El pecado original europeo
No basta con el 'Himno a la alegría’ para sentirnos conciudadanos. Se ha formado una élite europea que se siente depositaria del proyecto y alejada de la ciudadanía
Europa sesenta años después: ¿en aquellos orígenes estaban ya los lodos que han convertido la Unión en un pantano? El nombre de la Comunidad Europea del Carbón y del Acero (1951) que precedió al Tratado de Roma y, por tanto, a la fundación de la Comunidad Económica Europea (1957) es elocuente por sí mismo. El carbón y el acero eran materiales que simbolizaban la guerra. Era contra la guerra que nacía el impulso unificador del continente. Con el exterminio nazi y la segunda Guerra Mundial, Europa había alcanzado el último salón de los infiernos. Se fue configurando así una superego colectivo: nunca más las matanzas entre europeos. Si las naciones de Europa conseguían juntarse en un proyecto común sus guerras tomarían la forma más execrable: la guerra civil. Y así se configuró el tabú que debía dar fundamento a Europa, en plena guerra fría, con el orden soviético en el noreste y dictaduras neofascistas en el sur, y con un renacer democrático en el centro después de unos años en que la democracia había desaparecido por completo del continente.

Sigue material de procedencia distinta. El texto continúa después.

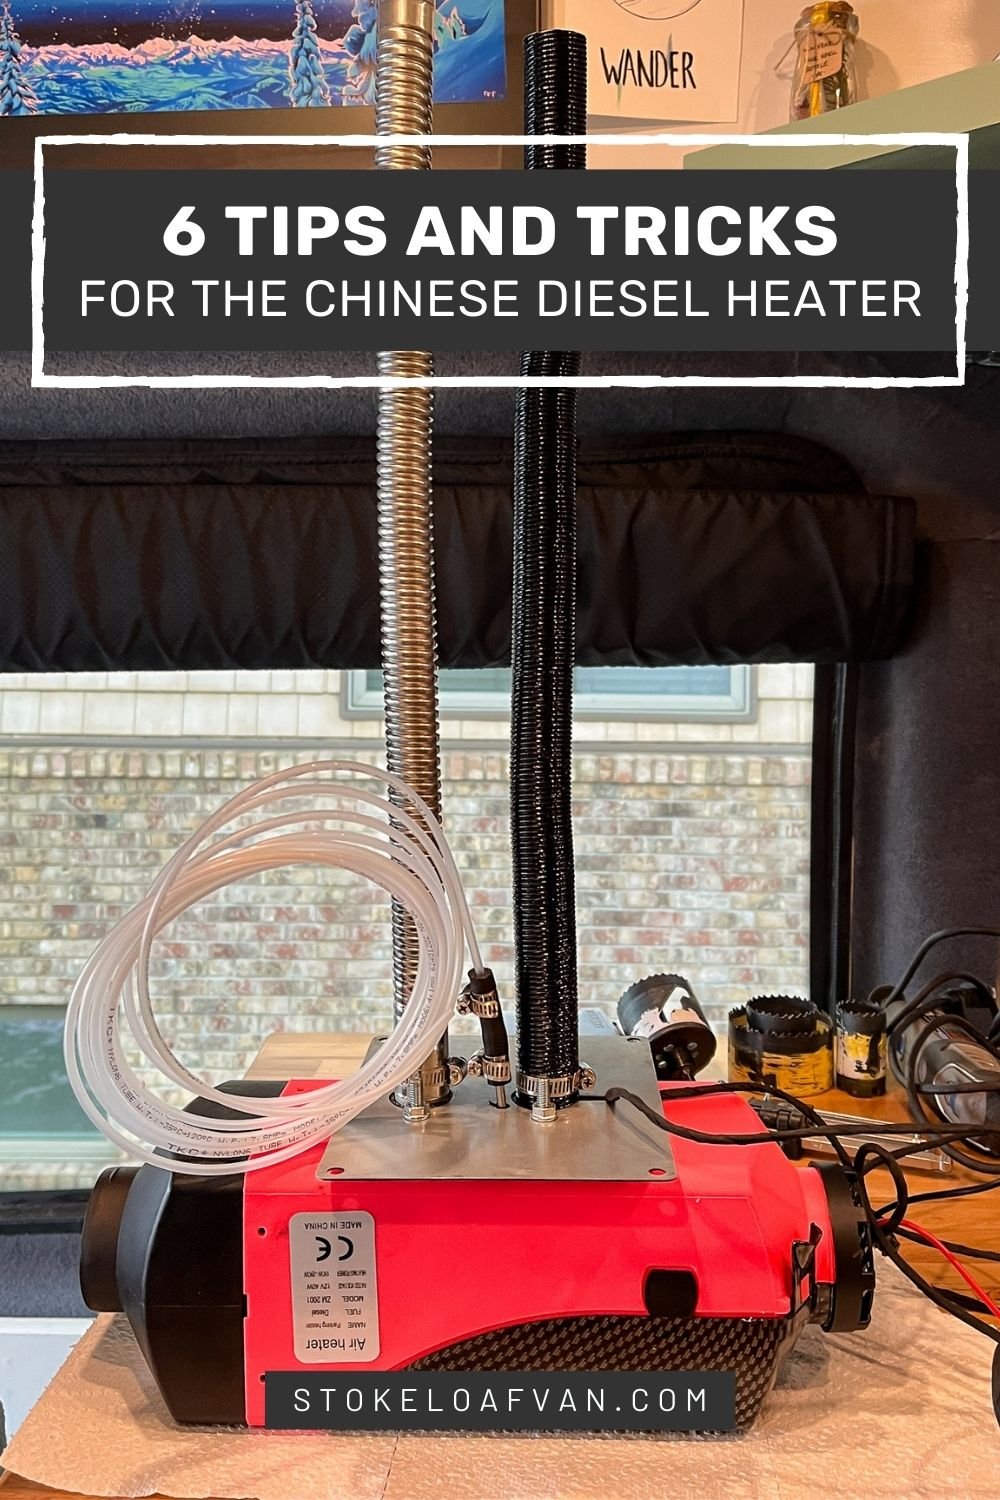 Hcalory heater E07 error : r/dieselheater

El nombre del segundo paso, Comunidad Económica Europea, también es significativo: un mercado común. La decisión fue empezar por la economía, dando por supuesto que si esta vía funcionaba lo demás se daría por añadidura. Se podría evocar la doctrina de cierto marxismo vulgar: la determinación económica en última instancia. La infraestructura económica como terreno en el que fertilizan las superestructuras políticas, culturales e ideológicas.
Pero hemos visto a lo largo de las últimas décadas cómo el carácter determinante de la economía era asumido como dogma por las doctrinas del espectro liberal y conservador. La etiqueta neoliberal que se utiliza hoy para identificar el economicismo vigente, la empleó mucho antes Michel Foucault para describir el proceso seguido en Alemania, en tiempos de Konrad Adenauer, que concuerda perfectamente con los orígenes de la Unión. Después del exterminio y la derrota, en Alemania, a diferencia de Francia con el mito gaullista de la resistencia, no se encontraban fórmulas para dar legitimidad histórica al nuevo régimen. Y a Ludwig Erhard y sus consejeros se les ocurrió apelar a la legitimación por la economía y nació así el “milagro alemán”.
La economía como base constructiva de la Unión. Pero el problema no ha sido tanto el carácter económico de partida del proyecto, que podía ser inevitable, sino el enorme retraso en incorporar a la ciudadanía al proceso y el descuido de la dimensión cultural, factor esencial para que los europeos se sientan parte de un proyecto común. No basta con el Himno a la alegría de Beethoven para que nos sintamos conciudadanos. En este vacío, se formó una elite europea, que se sentía depositaria del proyecto, con una imagen elitista, corporativista y alejada de la ciudadanía. Y la ausencia de lazos políticos y culturales que trenzaran espacios compartidos ha contribuido poderosamente a que la Unión haya llegado hasta aquí sin haber superado la condición de tratado intergubernamental, sin haber encontrado una fórmula de articulación supranacional que lo trascienda. Con la moneda única se pretendió forzar la dinámica unitaria, pero las bases políticas y culturales seguían siendo demasiado débiles.
Cuando por fin se quiso incorporar a la ciudadanía al proyecto, con el referéndum de la Constitución, era demasiado tarde. Francia y Holanda dijeron no. El proceso se paralizó y la brecha la aprovechó el neoliberalismo para acabar de desmantelar el débil tejido comunitario. Si el referéndum puso en evidencia el déficit político democrático, la paulatina incorporación de los países del Este a partir de 1989 ha ido poniendo de manifiesto el déficit cultural. Y ahora descubrimos con estupefacción que hay países marcados por una historia reciente distinta a la nuestra que se manejan mal en la cultura liberal y que tienen prejuicios sensiblemente distintos a los nuestros.
Más allá de las grandes proclamas de ritual, más allá de la debacle intelectual que nos transmite la obscena repetición de que pese a todo estamos en el mejor de los mundos posibles, el 60 aniversario del Tratado de Roma debería ser el de la exigencia de construir un modo de organización supranacional propio —Europa nunca será un superestado nación modelo Estados Unidos— basado en la implicación ciudadana, a través de la política democrática, y en la interrelación cultural. Si arrastramos indefinidamente el economicismo como pecado original, Europa no tendrá salvación.